The same goes for books. Children read (or don’t read) for different reasons, they draw different morals from the books they read, and their preferences in books also differ. Does this mean that my criteria of “quality” are meaningless? No, it does not. They do have value for me personally. It’s natural that each of us unconsciously seeks out people that share our literary preferences. We say that these people are “kindred spirits.” We may have many such people, or very few. But no matter their number—our shared preferences in books are those of a set circle of people. They can’t apply to everyone.
A roundtable for publishers, writers and critics took place at the Krasnoyarsk Book Fair. They wanted to see if they could reach an understanding. Every participant said more or less the same thing: we want children to read quality books. Books written in a good literary language. At the same time, each participant believed that it is she who knew how “good literary language” should be defined and what a “quality book” was. There wasn’t a single writer—isn’t it strange?—who stood up and admitted to writing books in bad literary language.
What am I getting at here?
There is an incredible amount of books out there today. Which means basically every potential reader has his perfect book. And every book will find its reader.

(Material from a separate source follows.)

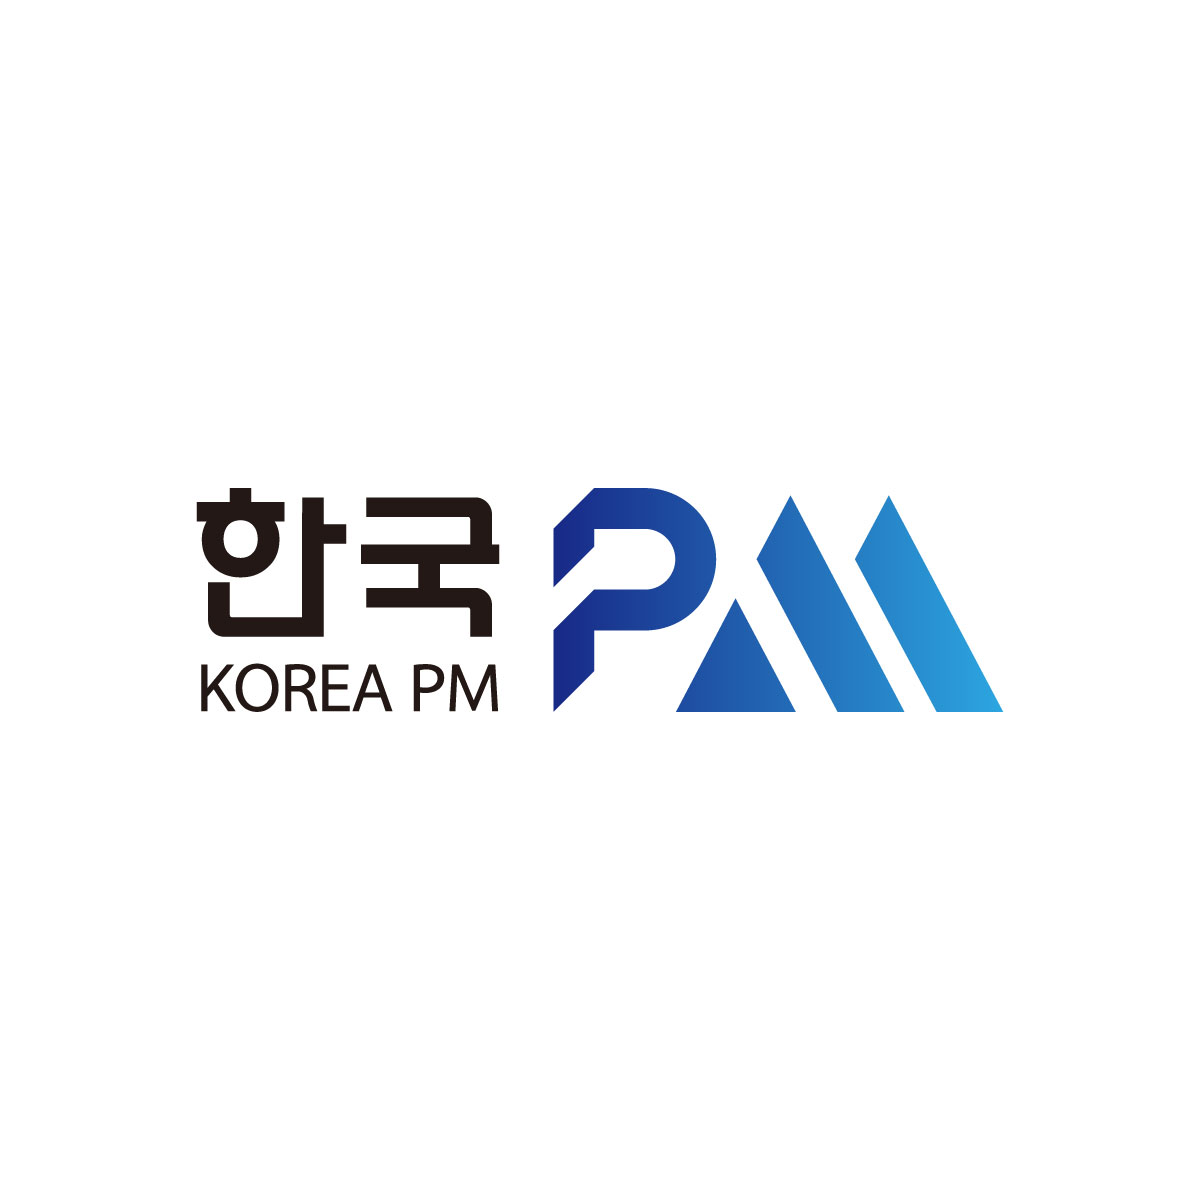 한국PM 로고 제작

It is impossible to create a universal literature rating scale. Books are evaluated by various expert communities which exist around awards, sites, and clubs. Assessments by these different communities may not match. Furthermore, praise for a book within one community can serve as a marker with the opposite sign for you. That’s perfectly fine, provided there’s a choice.
The opportunity and ability to choose have become important characteristics in the modern young reader. It wasn’t always so. Nowadays, young parents don’t just say: “Let me read to you.” They ask: “What book would you like me to read you?” They ask two-year-olds and see that even they like having a say. Of course, a child chooses from a certain book “fund,” one that was previously assembled by the parents relying on their own standards of beauty. That’s great! Even so, it’s impossible to force a child to listen to a book she doesn’t like. So parents involuntarily create a library taking the child’s interests into account, because it’s important for them to make the child read. There is a complex interaction here.
I’ll reiterate: of course I want the children I interact with to share my book preferences. I try to tell them about the books in a way that captivates them. I try to read them what I like, in a way that will make them like it too. But I don’t have the right to insist that everyone has to read the books I see as “quality.” So it probably is better that someone read something than not read anything at all. This, too, is progress.